*** Opening of Recorded information ***

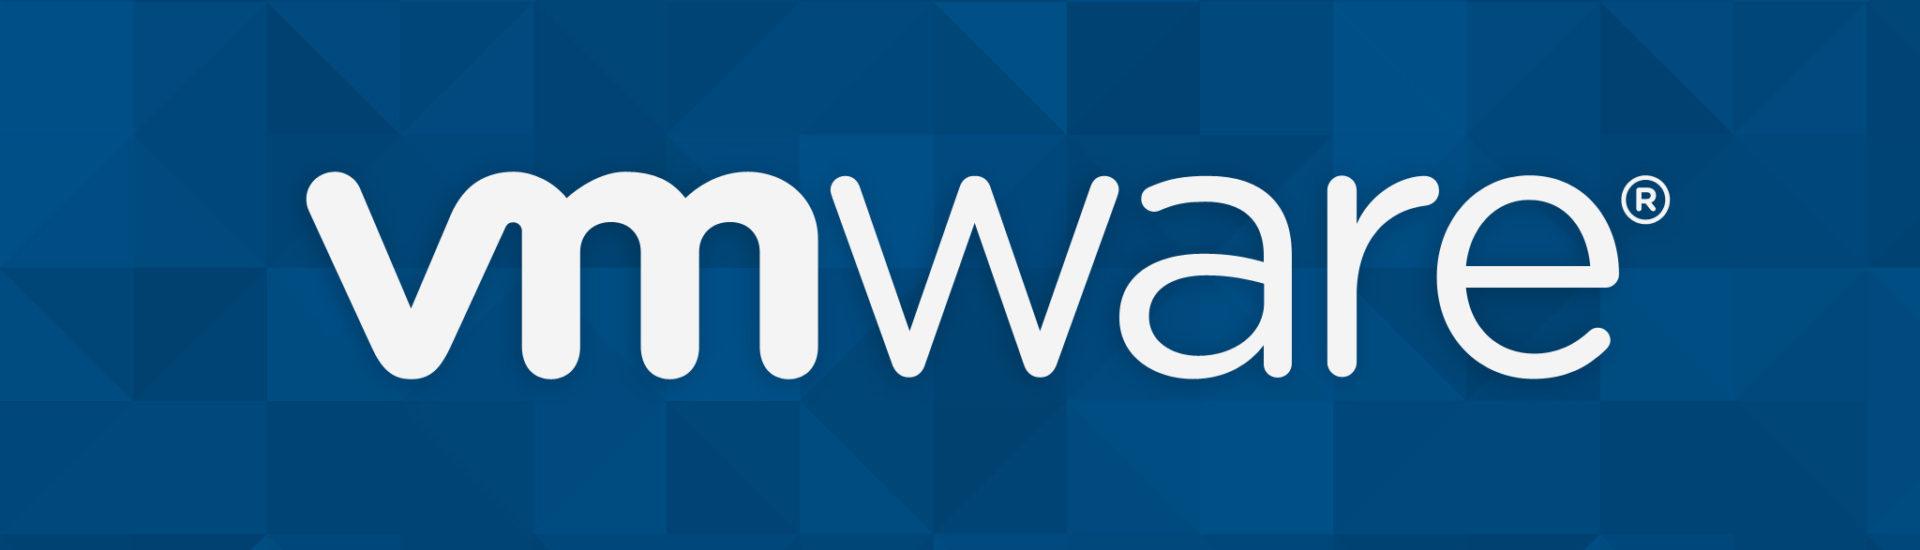 vm_ware-1
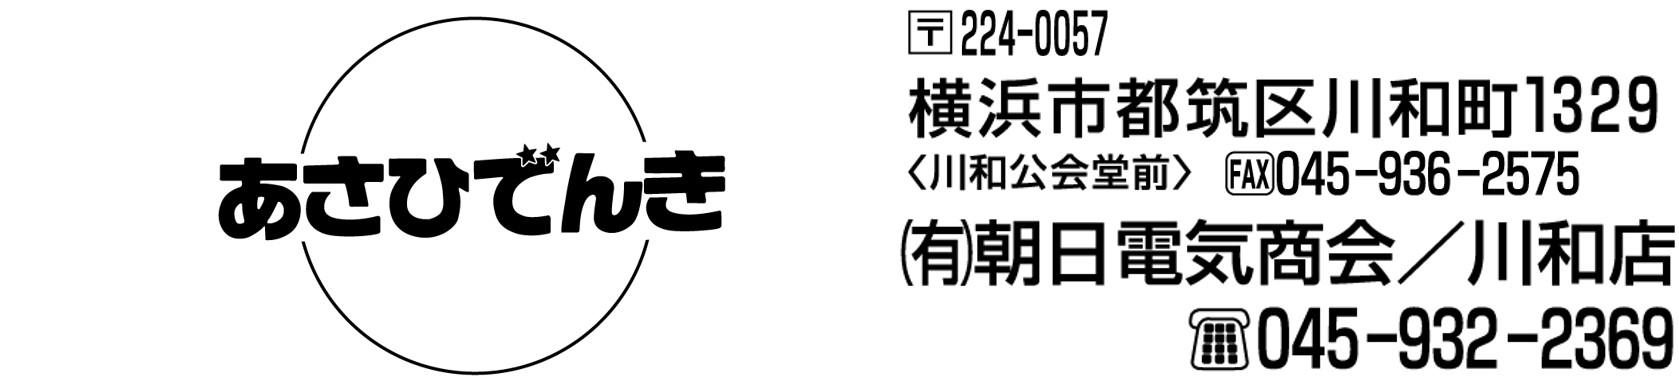 筑紫区川和町でのスイッチ交換・コンセント修理、球交換、電気工事のことならあさひでんき川和店へお任せください あさひでんき川和店
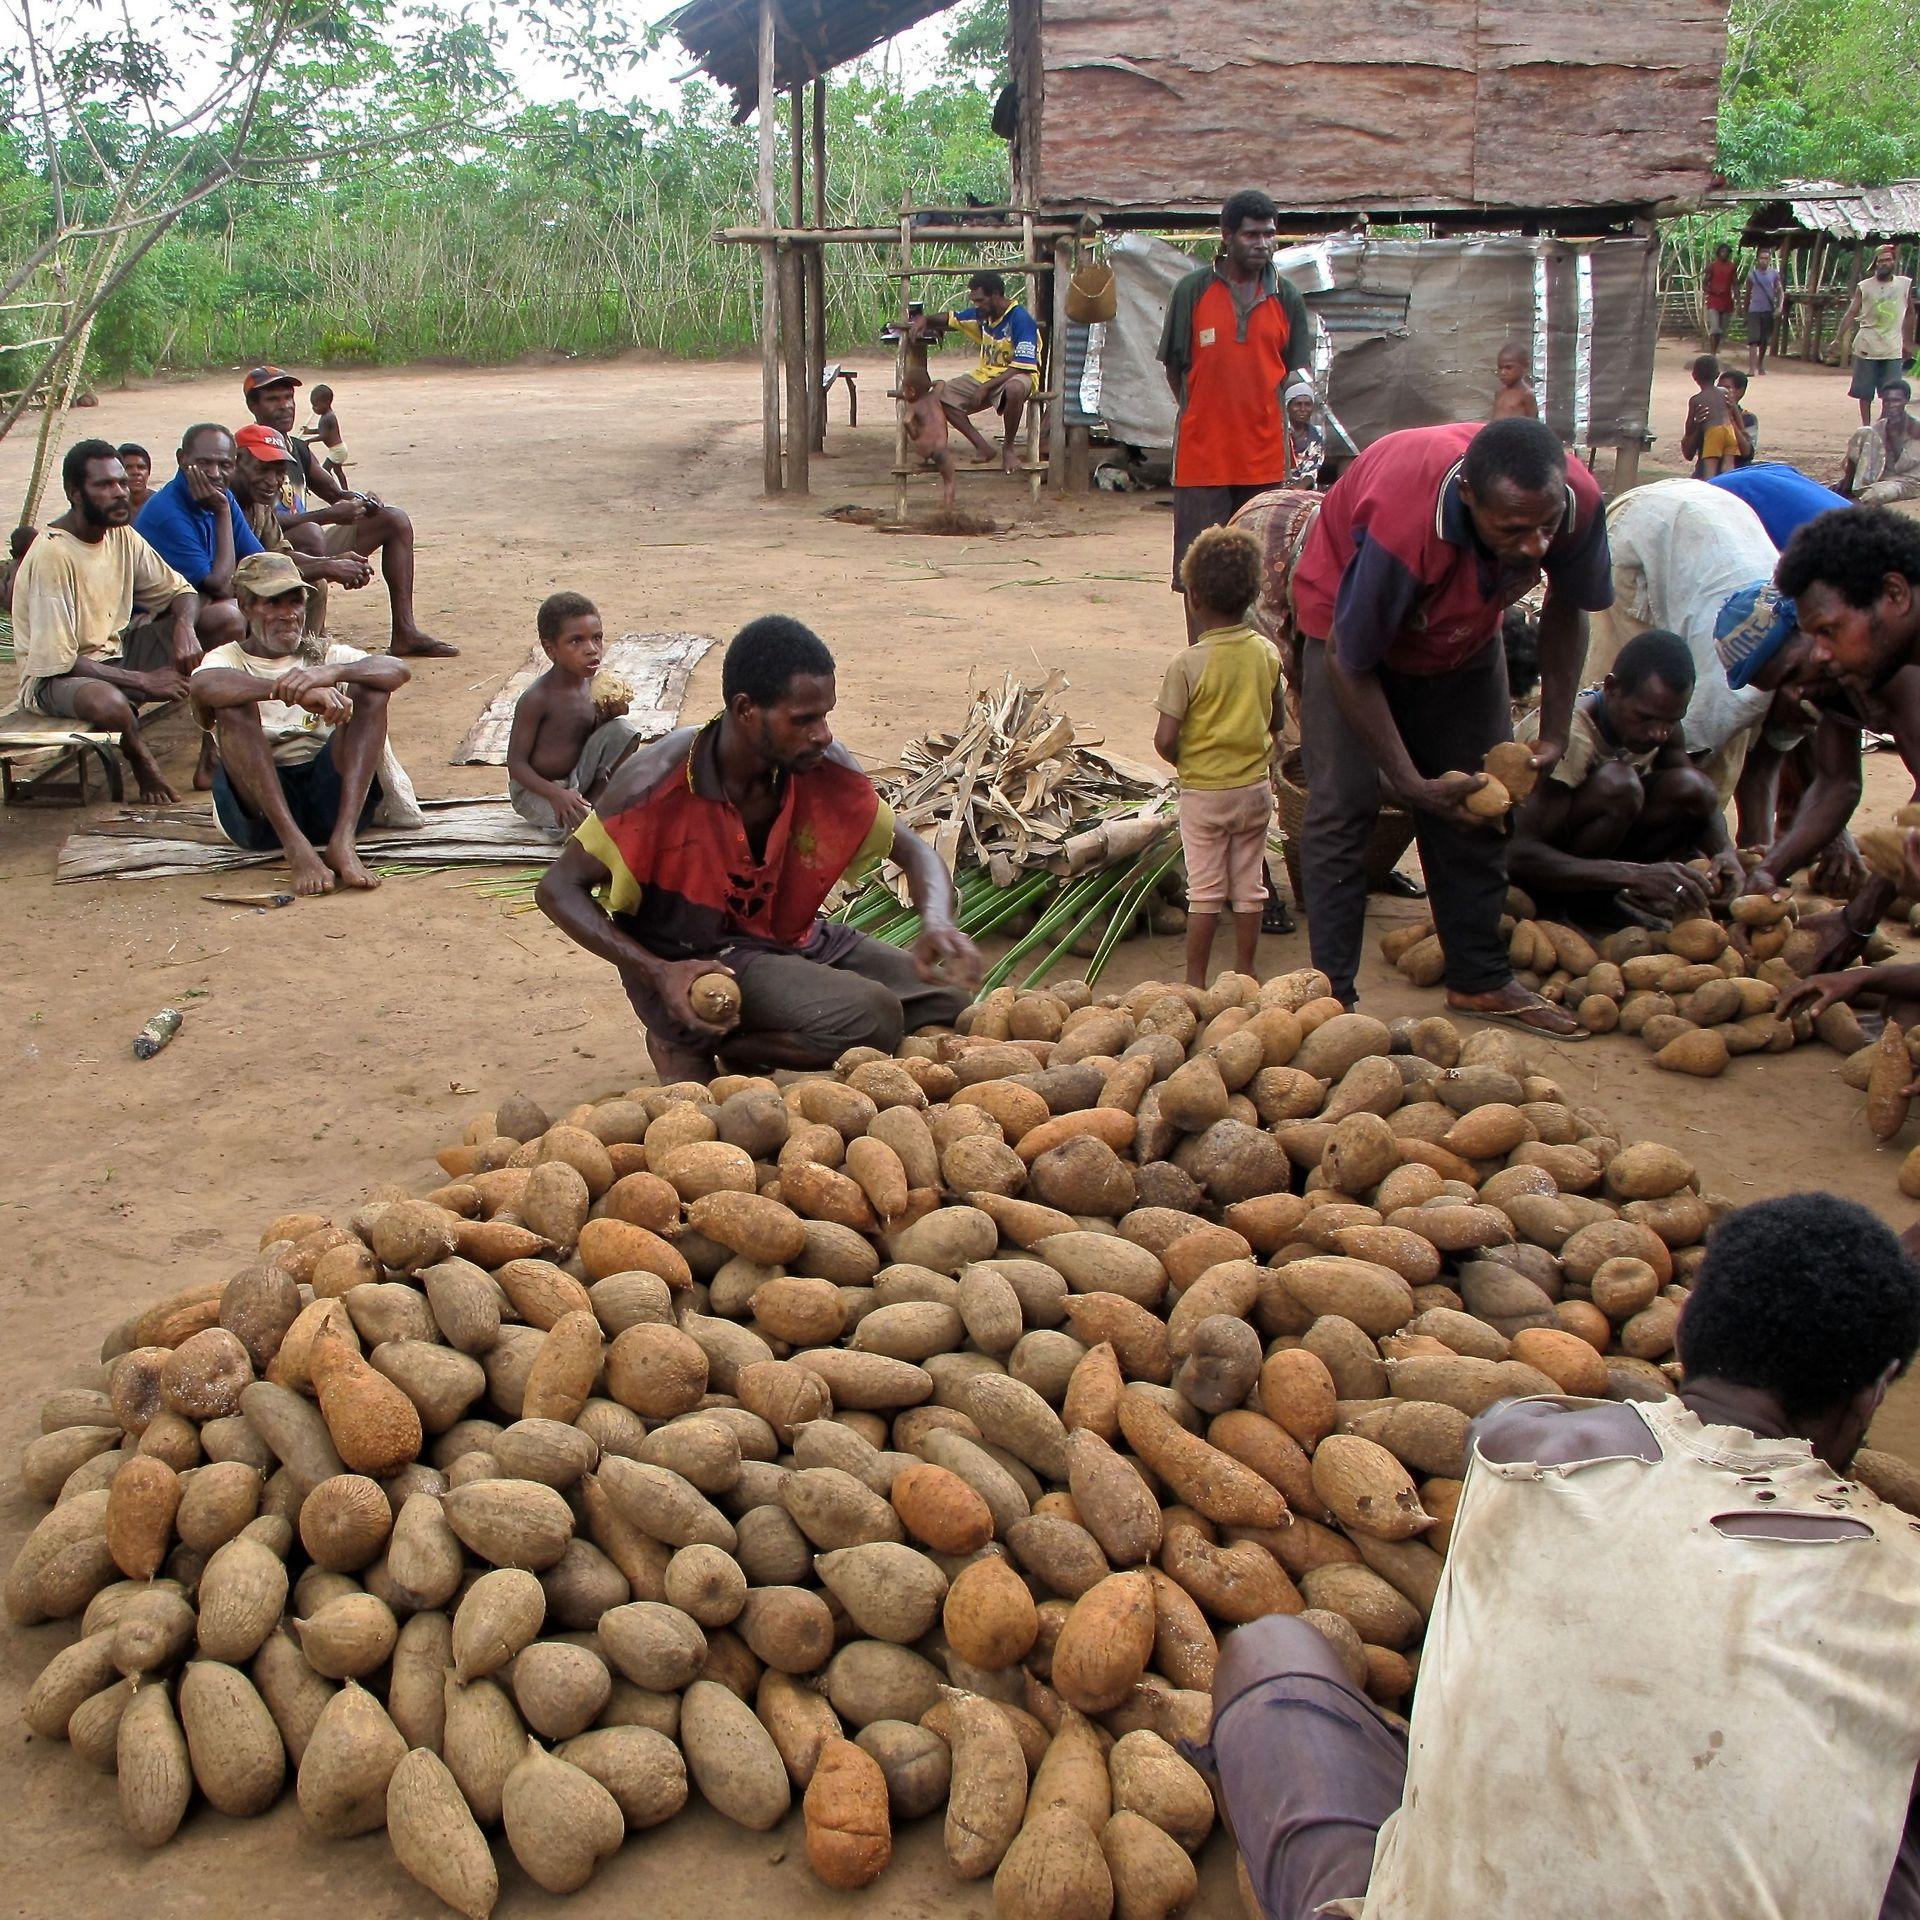 Dorfbewohner zählen im Freien die Ernte, die aus einem großen Haufen von Yamswurzeln besteht.

*** Close of Recorded information ***

**Instructions to follow**
Retype the whole listing, keeping every line identical and omitting all pictures.

**Result of the task**
 vm_ware-1
 筑紫区川和町でのスイッチ交換・コンセント修理、球交換、電気工事のことならあさひでんき川和店へお任せください あさひでんき川和店
 Dorfbewohner zählen im Freien die Ernte, die aus einem großen Haufen von Yamswurzeln besteht.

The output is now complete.